What to do:
What you should give back is a precise copy of the lines below from the one containing "Traktor kjører i" through the one containing "Den satans familie", with no pictures.

Dataset records:
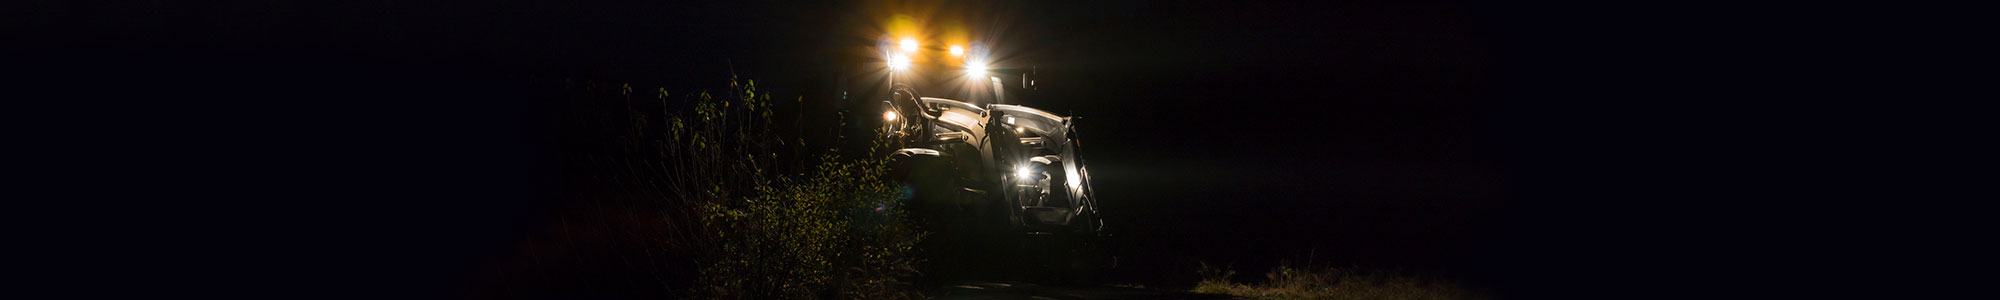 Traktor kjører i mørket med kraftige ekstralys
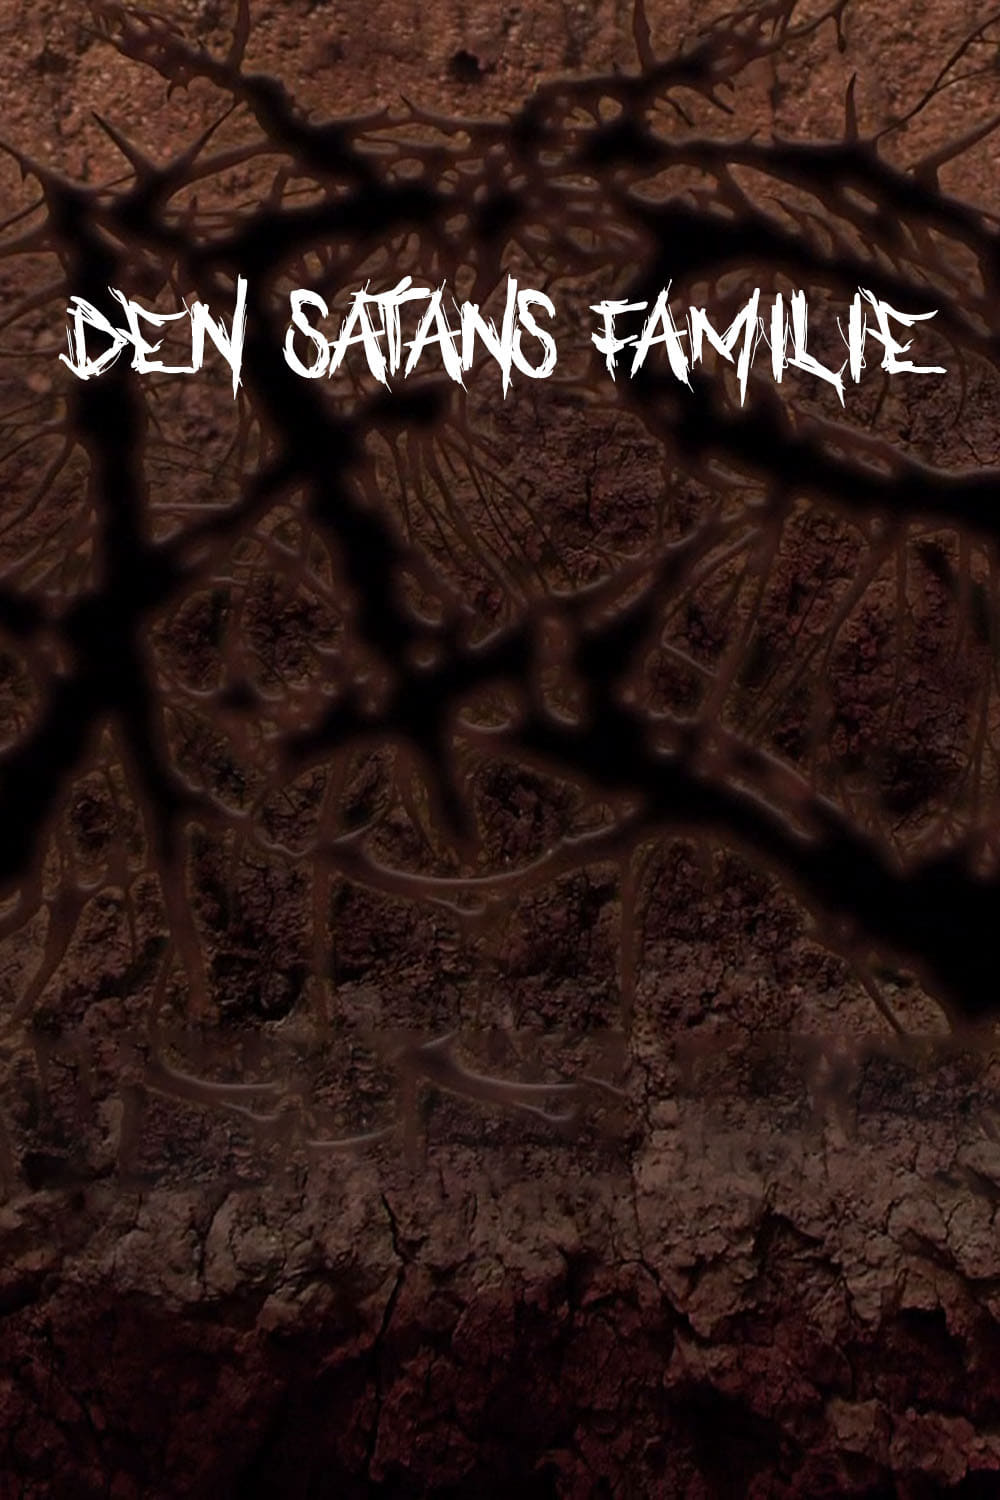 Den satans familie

--

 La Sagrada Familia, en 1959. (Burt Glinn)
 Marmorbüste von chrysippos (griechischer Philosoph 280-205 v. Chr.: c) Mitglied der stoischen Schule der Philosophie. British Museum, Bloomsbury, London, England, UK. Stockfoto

Result of the task:
 Traktor kjører i mørket med kraftige ekstralys
 Den satans familie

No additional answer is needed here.